Fakat Cumhuriyetin makus talihi o ki; her 10 yılda bir askeri darbeyle halkın iradesi gasbedilmiş, anayasal düzen askıya alınmış ve bu pratik nedeniyle sadece demokrasimiz değil ekonomik ve siyasi bağımsızlığımız güdük kalmıştır.
En son, 15 Temmuz darbe kalkışmasına halkın mukavemeti, iradesine sandıkta sahip çıkmakla yetinmeyeceğinin, gerekirse canını da verebileceğinin ilanıdır.
Bu anlamda bir milattır 15 Temmuz. Demokrasi mücadelesi anlamında tüm dünyaya emsaldir.
MAKUL ÇOĞUNLUĞUN TERCİHİ YÖNETME BECERİSİ
Türkiye’yi, makul çoğunluğun sağ duyusu yönetmektedir. Ve bu hep böyle olacaktır. Bunun içindir ki kurulan tüm gizli-açık ittifaklara, zorlama çatı adaylara rağmen halk yönetme becerisi olandan şaşmamıştır.
Yeni sistemin kazanımlarından biri de siyasi ve toplumsal merkezi güçlendirme kabiliyetinin yüksek olmasıdır. Bu haliyle, yeni güç merkezlerinin temerküzüne de fırsat vermektedir. Temsilde çeşitlilik sağlarken yürütmenin parçalı olmasının önüne geçerek istikrar sorununa da önemli oranda çözüm olmuştur.
Günün sonunda yönetme becerisi olanın seçilmesini sağlayan sistemler, marjinal siyasi talepleri merkeze yaklaştırır ya da merkezdeki bir gövde parti ile ortaklaştırır. Burada merkez, statükoyu değil makuliyeti temsil eder ve son derece de dinamiktir.

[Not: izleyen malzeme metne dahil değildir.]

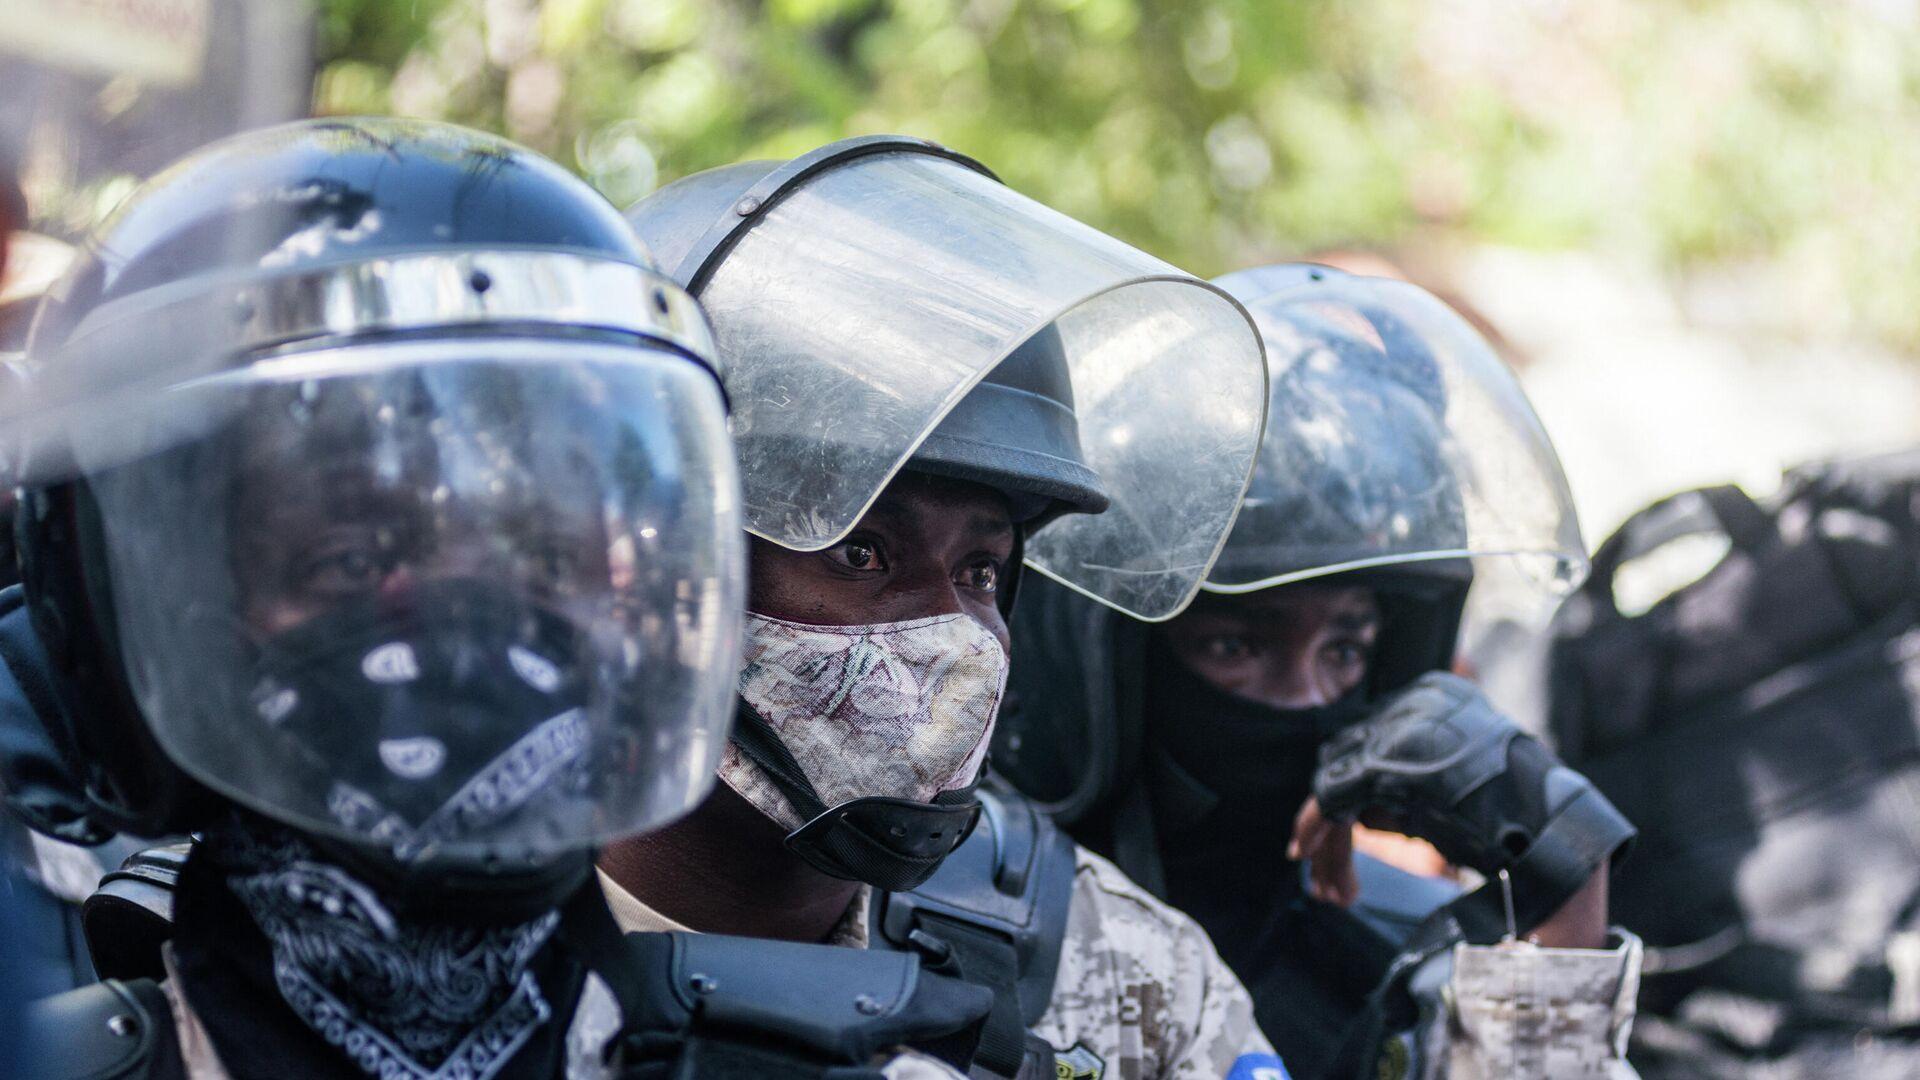 La Policía durante las protestas en Haití - Sputnik Mundo, 1920, 16.03.2021

Kamuoyu yoklamalarının anlaşıldığı üzere, Kovid 19 salgını ile mücadele sürecinde halkın hükümete desteğinin artmış olması, ‘makul ortanın’ tercihin yönetme becerisi olduğunun somut ve güncel göstergesidir.
Bu sürecin siyasi kültüre de etki edeceği, sert siyasi iklimi kısmen de olsa yumuşatabileceği öngörülebilir.
SİYASİ RETORİK Mİ TROLLİZM Mİ?
Ancak Türkiye’nin içinden geçtiği süreçte söylemsel düzlemde siyaset bir türlü yumuşamadı, bilakis muhalefetin siyaset dışı aktörlerden medet umduğu bir vasat gelişti ve siyasi retorik giderek trollizme teslim oldu.
Buna en büyük katkıyı, yalanın siyasi bir enstrüman olarak keşfedilmesi yapmıştır.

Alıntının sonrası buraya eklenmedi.